Brief: Would you please repeat all of the data exactly, omitting the pictures?

Stored data:
"""
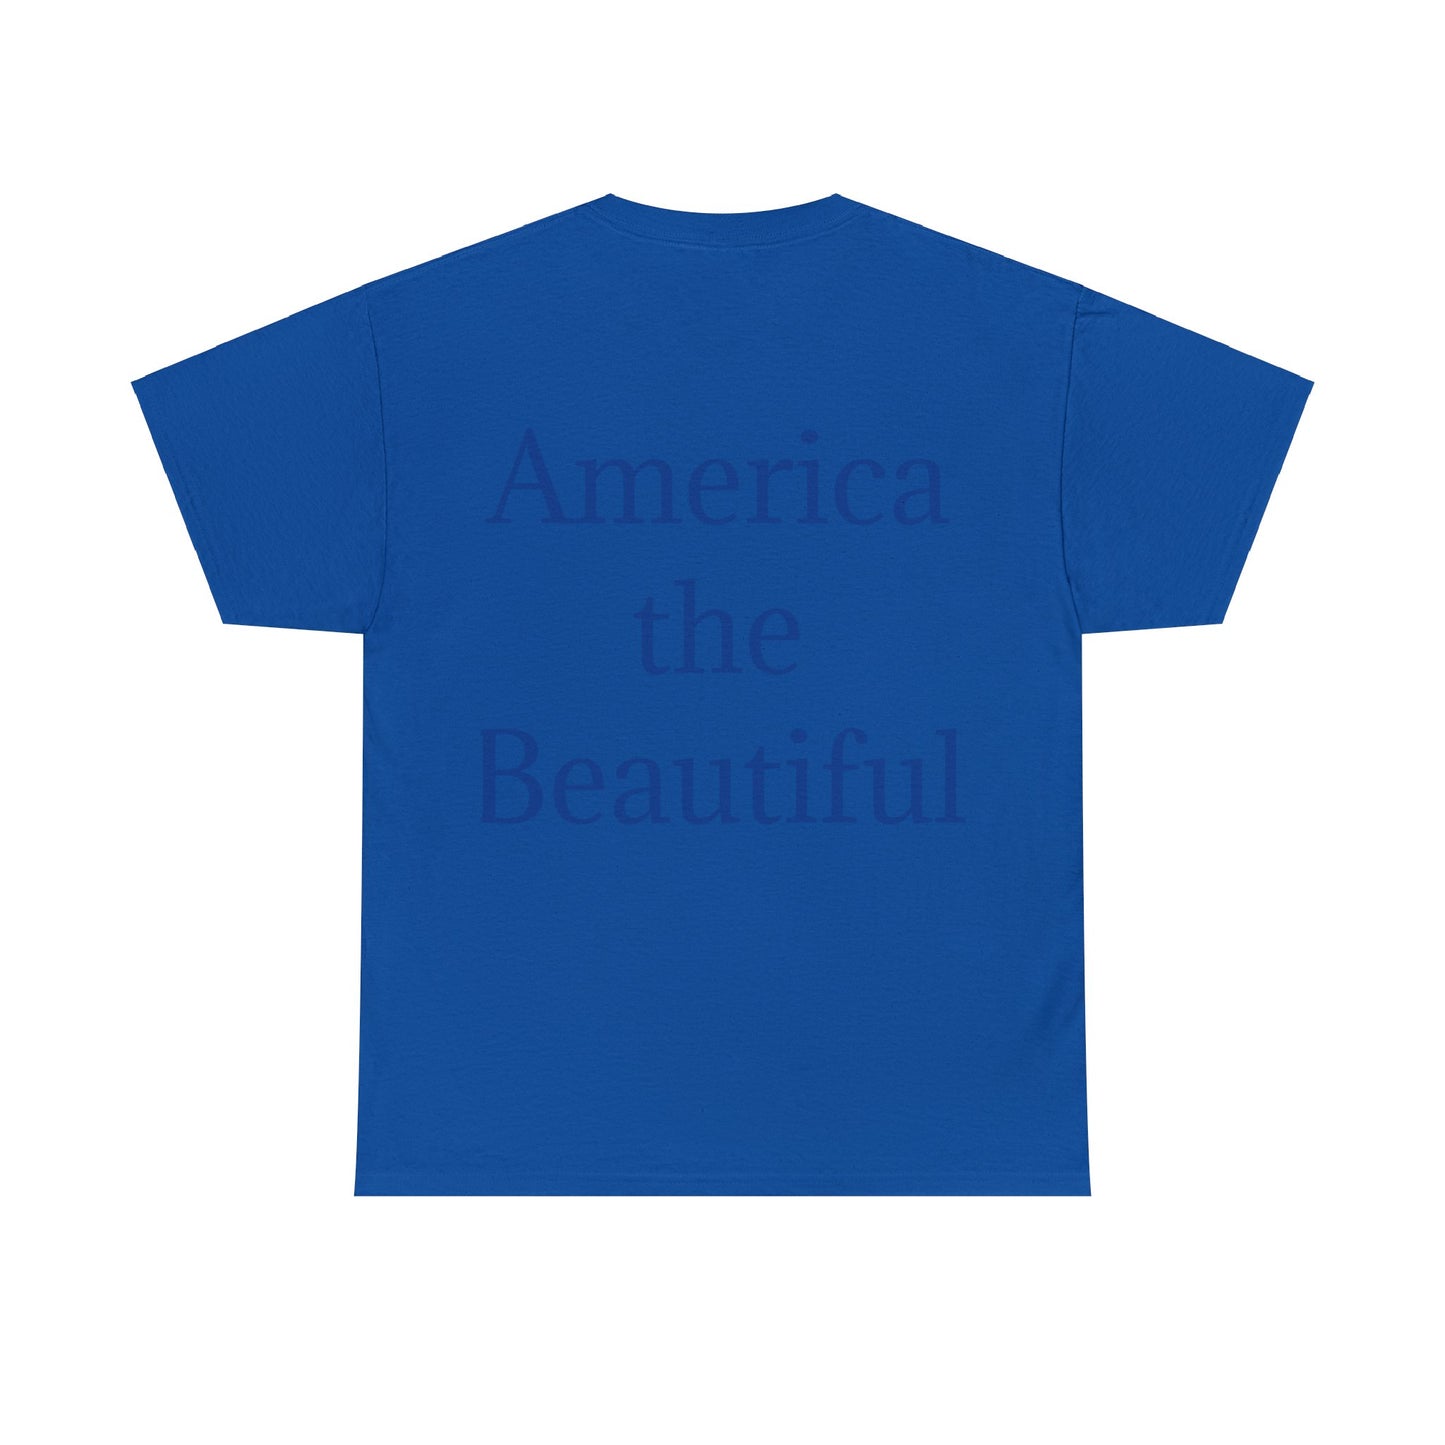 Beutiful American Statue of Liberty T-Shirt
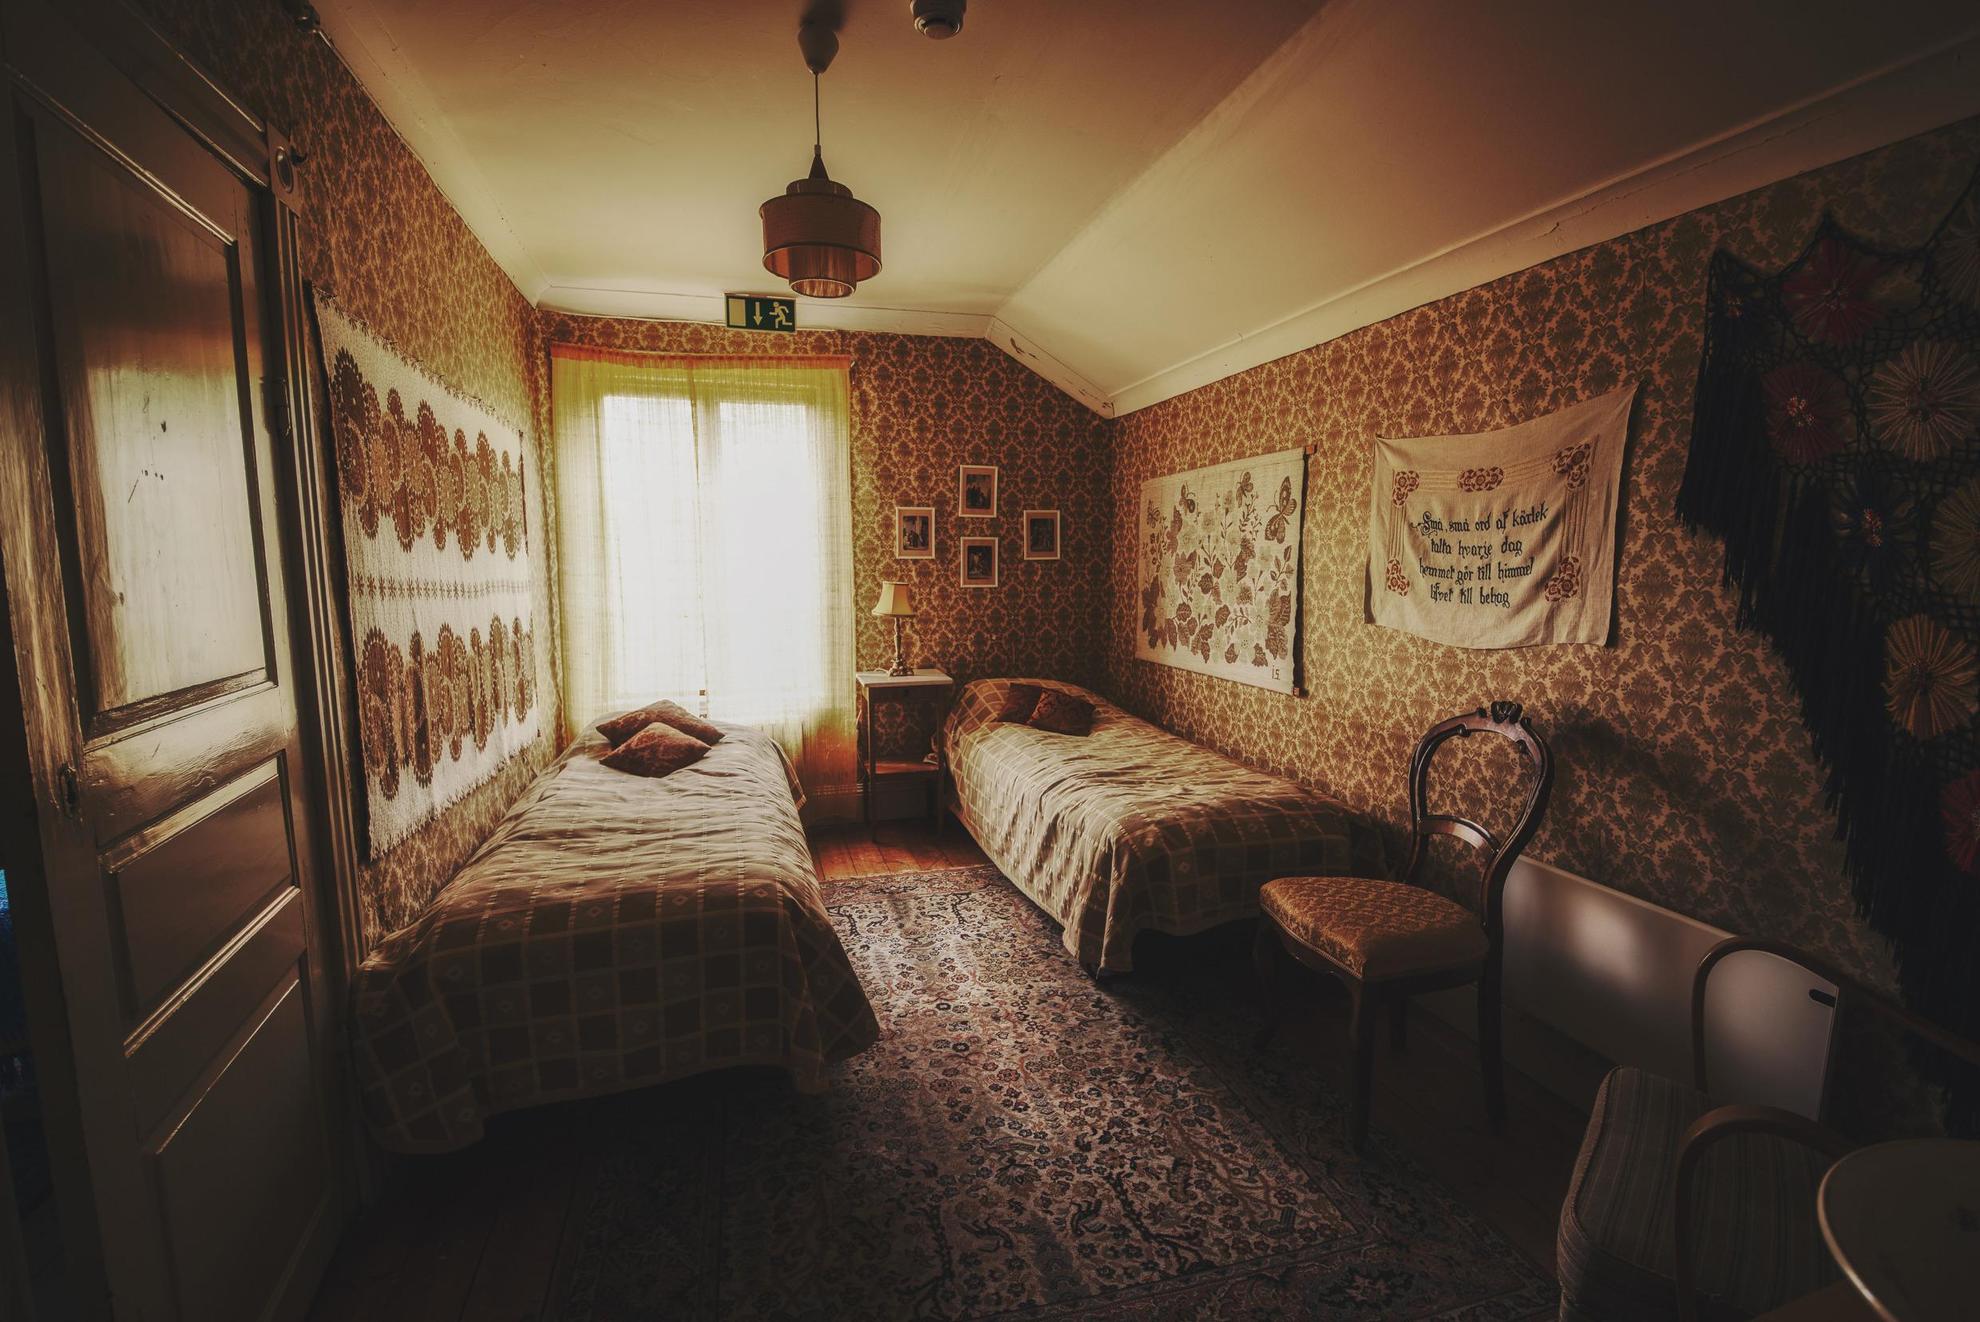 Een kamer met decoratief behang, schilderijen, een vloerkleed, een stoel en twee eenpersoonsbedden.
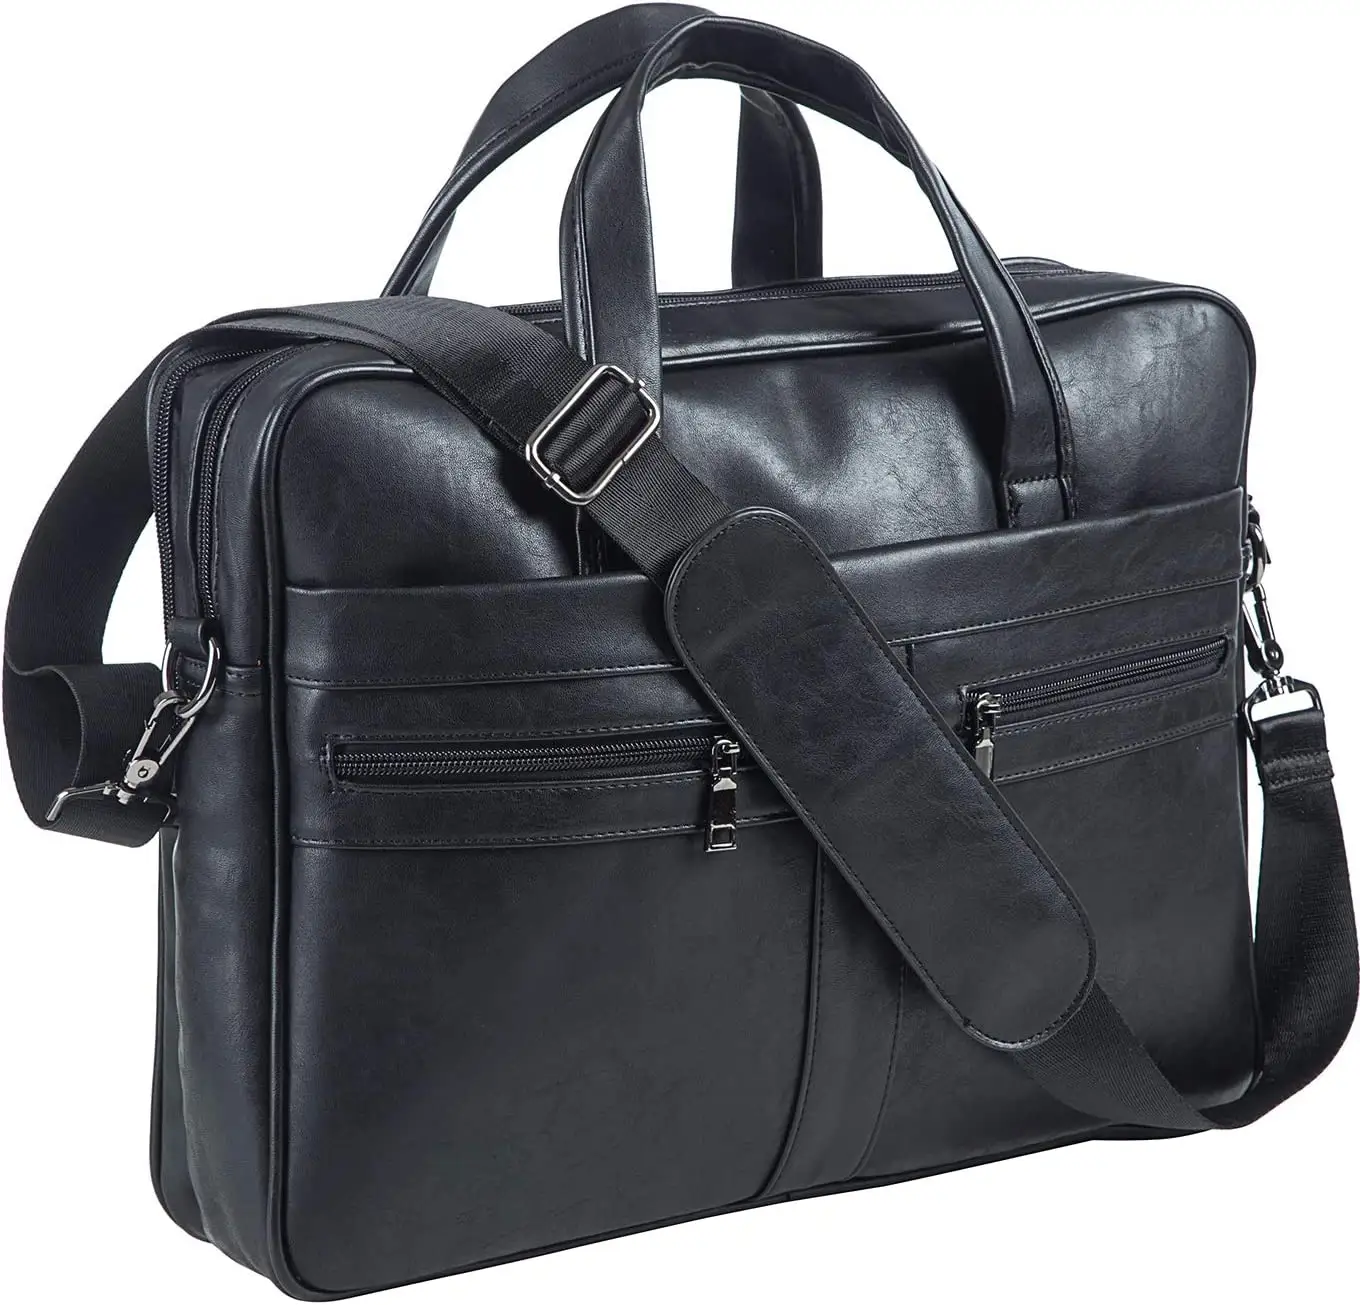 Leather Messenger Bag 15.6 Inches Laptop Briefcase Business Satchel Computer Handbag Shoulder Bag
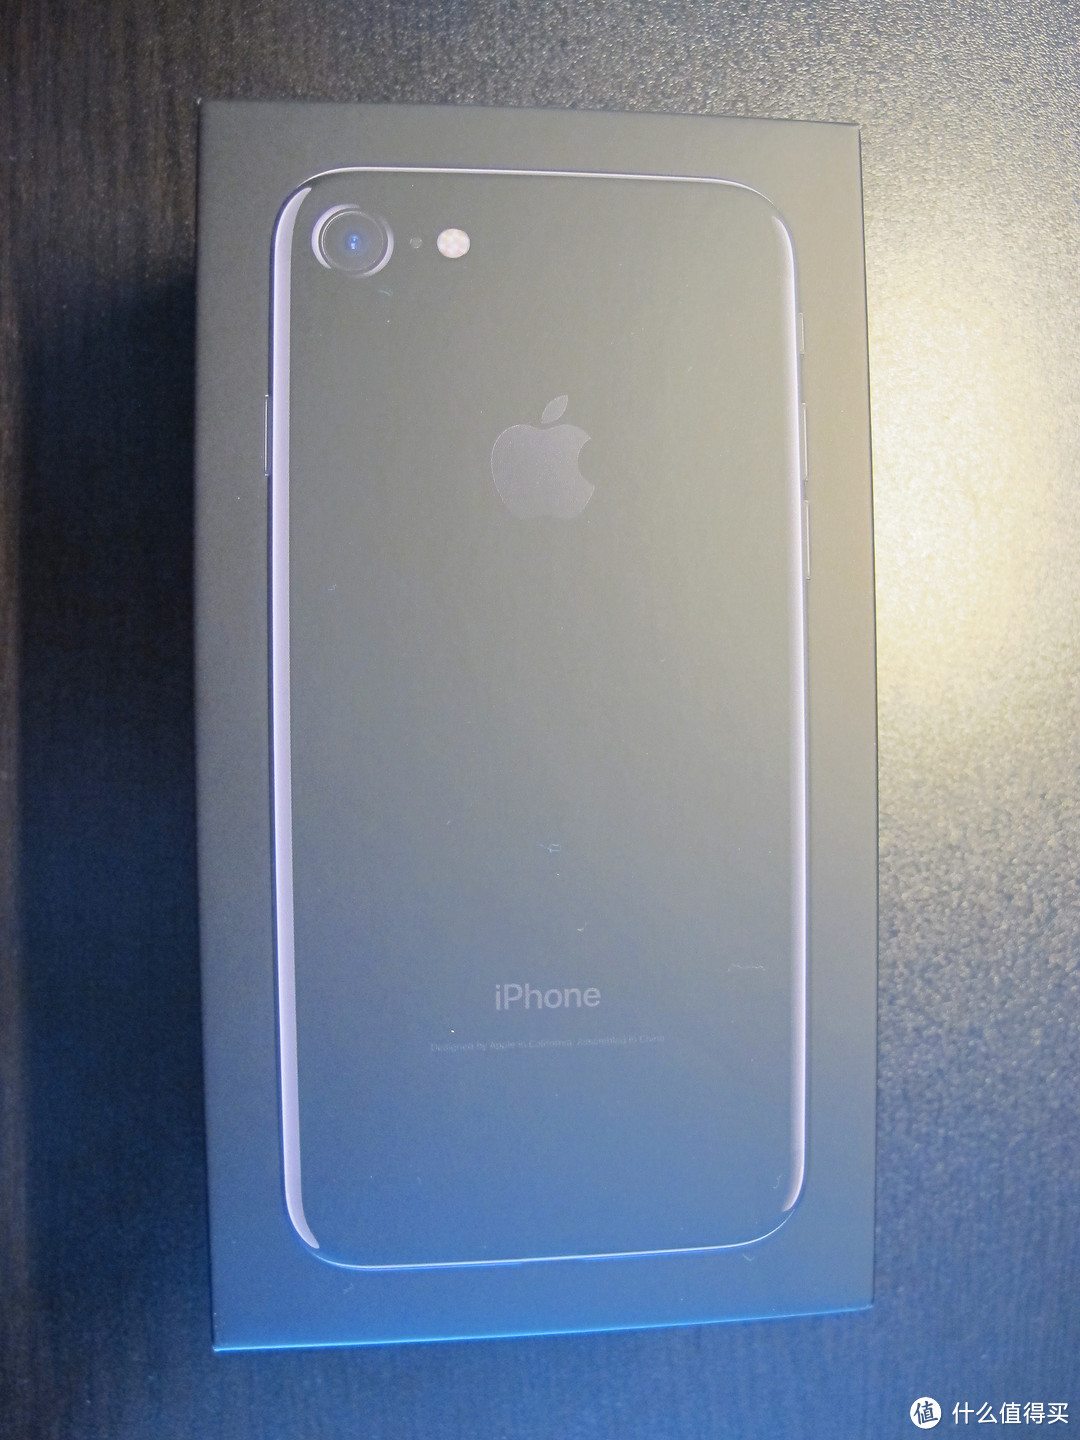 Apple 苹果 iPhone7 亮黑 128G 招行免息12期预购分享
"""
Answer space:
 Beutiful American Statue of Liberty T-Shirt
 Een kamer met decoratief behang, schilderijen, een vloerkleed, een stoel en twee eenpersoonsbedden.
 Leather Messenger Bag 15.6 Inches Laptop Briefcase Business Satchel Computer Handbag Shoulder Bag
 Apple 苹果 iPhone7 亮黑 128G 招行免息12期预购分享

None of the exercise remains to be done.